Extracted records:
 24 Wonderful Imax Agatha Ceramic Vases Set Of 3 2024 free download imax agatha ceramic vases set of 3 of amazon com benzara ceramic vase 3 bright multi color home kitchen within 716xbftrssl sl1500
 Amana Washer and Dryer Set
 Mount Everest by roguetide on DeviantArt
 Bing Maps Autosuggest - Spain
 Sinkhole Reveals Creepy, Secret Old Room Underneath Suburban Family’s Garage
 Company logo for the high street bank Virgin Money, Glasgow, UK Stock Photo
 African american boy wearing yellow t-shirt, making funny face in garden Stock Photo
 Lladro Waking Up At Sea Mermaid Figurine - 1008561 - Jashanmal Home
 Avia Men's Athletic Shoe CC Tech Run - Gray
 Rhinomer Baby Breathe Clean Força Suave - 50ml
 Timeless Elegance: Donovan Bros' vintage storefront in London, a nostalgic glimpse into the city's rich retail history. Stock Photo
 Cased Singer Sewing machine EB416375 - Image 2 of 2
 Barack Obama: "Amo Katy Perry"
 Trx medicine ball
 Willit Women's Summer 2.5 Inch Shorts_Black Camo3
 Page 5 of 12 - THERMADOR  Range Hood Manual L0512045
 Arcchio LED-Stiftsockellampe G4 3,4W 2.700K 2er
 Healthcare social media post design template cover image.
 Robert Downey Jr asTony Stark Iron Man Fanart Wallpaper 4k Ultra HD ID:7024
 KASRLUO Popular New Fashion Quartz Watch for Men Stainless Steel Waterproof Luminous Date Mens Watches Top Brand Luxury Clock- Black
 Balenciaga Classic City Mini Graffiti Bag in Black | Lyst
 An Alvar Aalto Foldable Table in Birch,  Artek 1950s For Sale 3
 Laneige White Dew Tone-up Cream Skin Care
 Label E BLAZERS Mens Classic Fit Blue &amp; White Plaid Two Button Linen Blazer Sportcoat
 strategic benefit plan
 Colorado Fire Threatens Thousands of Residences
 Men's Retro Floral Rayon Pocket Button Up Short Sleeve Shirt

• **Work instruction**: Copy down the whole of the data above, matching it exactly.

• **Solution to the exercise**:
 24 Wonderful Imax Agatha Ceramic Vases Set Of 3 2024 free download imax agatha ceramic vases set of 3 of amazon com benzara ceramic vase 3 bright multi color home kitchen within 716xbftrssl sl1500
 Amana Washer and Dryer Set
 Mount Everest by roguetide on DeviantArt
 Bing Maps Autosuggest - Spain
 Sinkhole Reveals Creepy, Secret Old Room Underneath Suburban Family’s Garage
 Company logo for the high street bank Virgin Money, Glasgow, UK Stock Photo
 African american boy wearing yellow t-shirt, making funny face in garden Stock Photo
 Lladro Waking Up At Sea Mermaid Figurine - 1008561 - Jashanmal Home
 Avia Men's Athletic Shoe CC Tech Run - Gray
 Rhinomer Baby Breathe Clean Força Suave - 50ml
 Timeless Elegance: Donovan Bros' vintage storefront in London, a nostalgic glimpse into the city's rich retail history. Stock Photo
 Cased Singer Sewing machine EB416375 - Image 2 of 2
 Barack Obama: "Amo Katy Perry"
 Trx medicine ball
 Willit Women's Summer 2.5 Inch Shorts_Black Camo3
 Page 5 of 12 - THERMADOR  Range Hood Manual L0512045
 Arcchio LED-Stiftsockellampe G4 3,4W 2.700K 2er
 Healthcare social media post design template cover image.
 Robert Downey Jr asTony Stark Iron Man Fanart Wallpaper 4k Ultra HD ID:7024
 KASRLUO Popular New Fashion Quartz Watch for Men Stainless Steel Waterproof Luminous Date Mens Watches Top Brand Luxury Clock- Black
 Balenciaga Classic City Mini Graffiti Bag in Black | Lyst
 An Alvar Aalto Foldable Table in Birch,  Artek 1950s For Sale 3
 Laneige White Dew Tone-up Cream Skin Care
 Label E BLAZERS Mens Classic Fit Blue &amp; White Plaid Two Button Linen Blazer Sportcoat
 strategic benefit plan
 Colorado Fire Threatens Thousands of Residences
 Men's Retro Floral Rayon Pocket Button Up Short Sleeve Shirt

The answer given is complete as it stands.